Known and suspected detention facilities in Kashgar, Hotan and Urumqi between Jan 2016 and Sep 2018. Source: Australian Strategic Policy Institute

Food and hi-tech electronic supply chains have been warned they may be caught up in the growing use of forced labour in China’s western Xinjiang province. 

The province is home to China’s Uyghur ethnic minority, which in recent years has been the subject of a government crackdown that has seen up to a million people detained in internment camps, amid reports of human rights violations, according to global risk analysis company Verisk Maplecroft. 

As more reports emerge about human rights abuses in China’s Xinjiang region against the indigenous Uyghur population, the likelihood of more companies being swept into controversy over the use of forced and child labour in Xinjiang increases,” said its senior commodities analyst, Ryan Aherin. 

The supply chains of apparel brands have already been linked to labour rights abuses, but there is evidence to suggest these violations could move beyond the sector and even China’s borders, as raw materials produced in Xinjiang are being used in manufacturing in other countries,” he added. 

The official Chinese government line on the camps is that they are for re-education, to integrate Uyghurs into Han Chinese society and “improve their economic wellbeing“. 

However, there have been widespread reports that the camps are also being used as manufacturing facilities, using forced and child labour, particularly in the food and apparel sectors, despite government denials. 

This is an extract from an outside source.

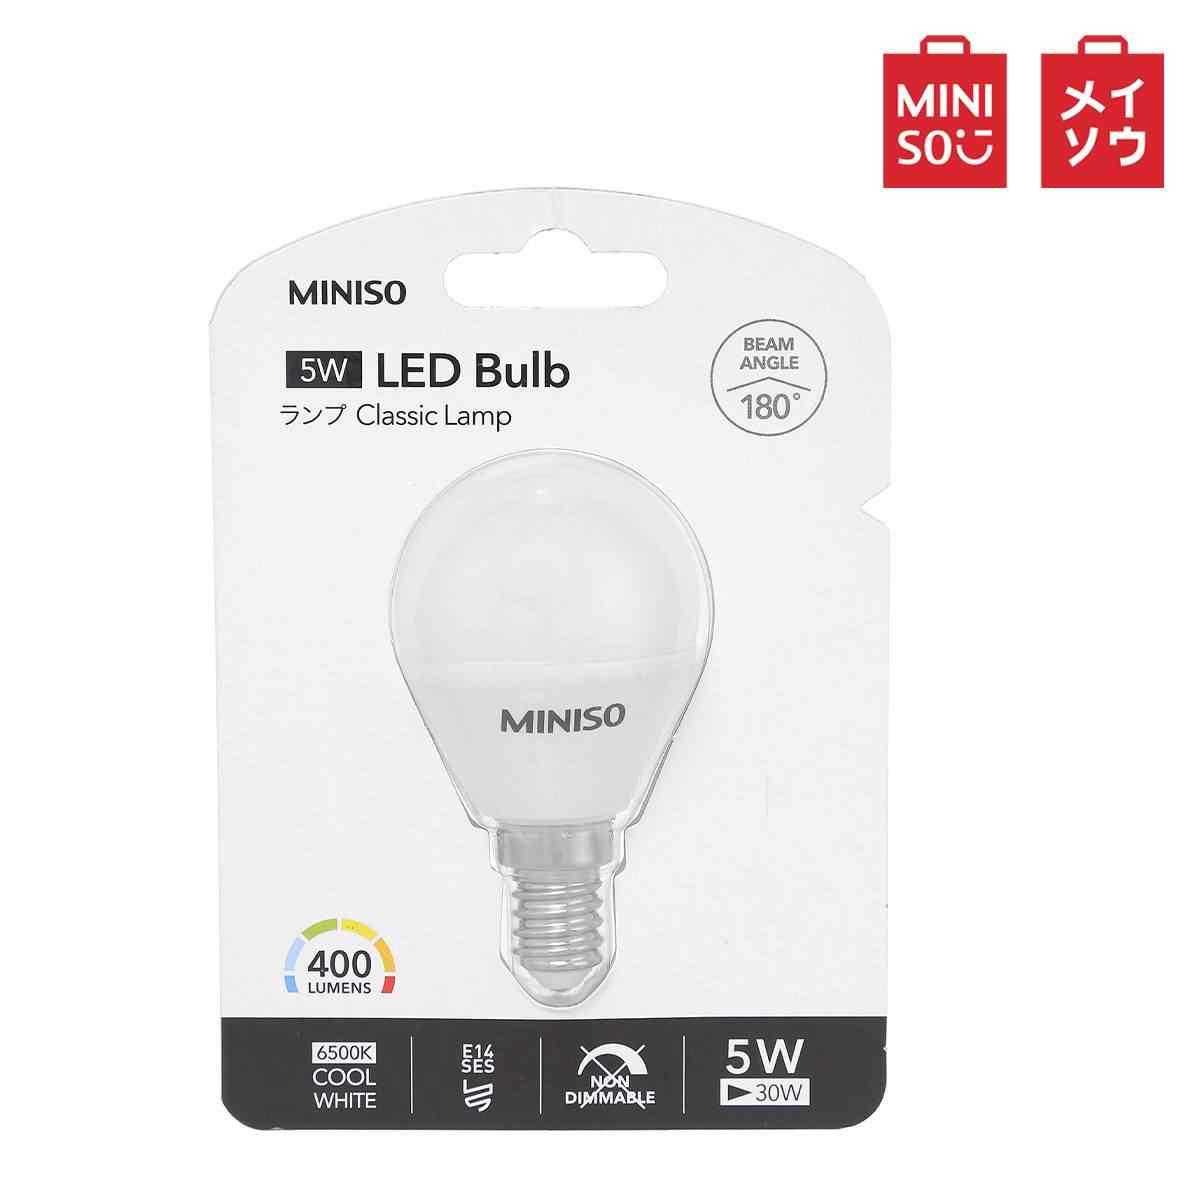 Miniso LED E27/E14 Lampu LED 5W 7W Konsumsi Daya Rendah Keren Whit/Hangat cahaya

We researched reports in Chinese language media that contained statements from government officials about the types of ‘vocational training’ that detainees are receiving in the camps. These state that many camps provide training in apparel and footwear manufacturing, food processing and electronics manufacturing,” said Mr Aherin.

It is likely that if components for these sectors are being made by detainees, the government will do its best to make them untraceable to other supply chains.”  

He added that the greatest raw material risk was linked to the production of cotton. China is the world’s largest producer and, according to China’s National Bureau of Statistics, 74.4% of its cotton is produced in Xinjiang.  

“According to our commodity risk assessment, Chinese cotton has been directly linked to child and forced labour, as women and children have had to work in the cotton harvest to make up for the lost wages of detained men.    

Due to the prevalence of Chinese cotton in the global apparel industry – China is a major exporter of cotton-based textiles to other garment producers in the region such as Bangladesh, Cambodia and Vietnam – links to abuses in Xinjiang are likely to spread well beyond China’s borders.  

Other materials to look out for include cashmere wool, which is often imported into the region from Mongolia to be processed in factories,” Mr Aherin added.  

Xinjiang is also on the key gateways of China’s Belt and Road with its strategic location adjacent to Kazakhstan and as a host to one of the main rail arteries connecting Europe with Asia. 

As China expands its Belt and Road initiative, Xinjiang will be a major springboard for Chinese economic activity into Central Asia. The region’s importance is one of the driving factors behind Beijing’s tightening grip over Uyghur communities.  Therefore, abuses faced by local communities are also likely to escalate,” Mr Aherin said.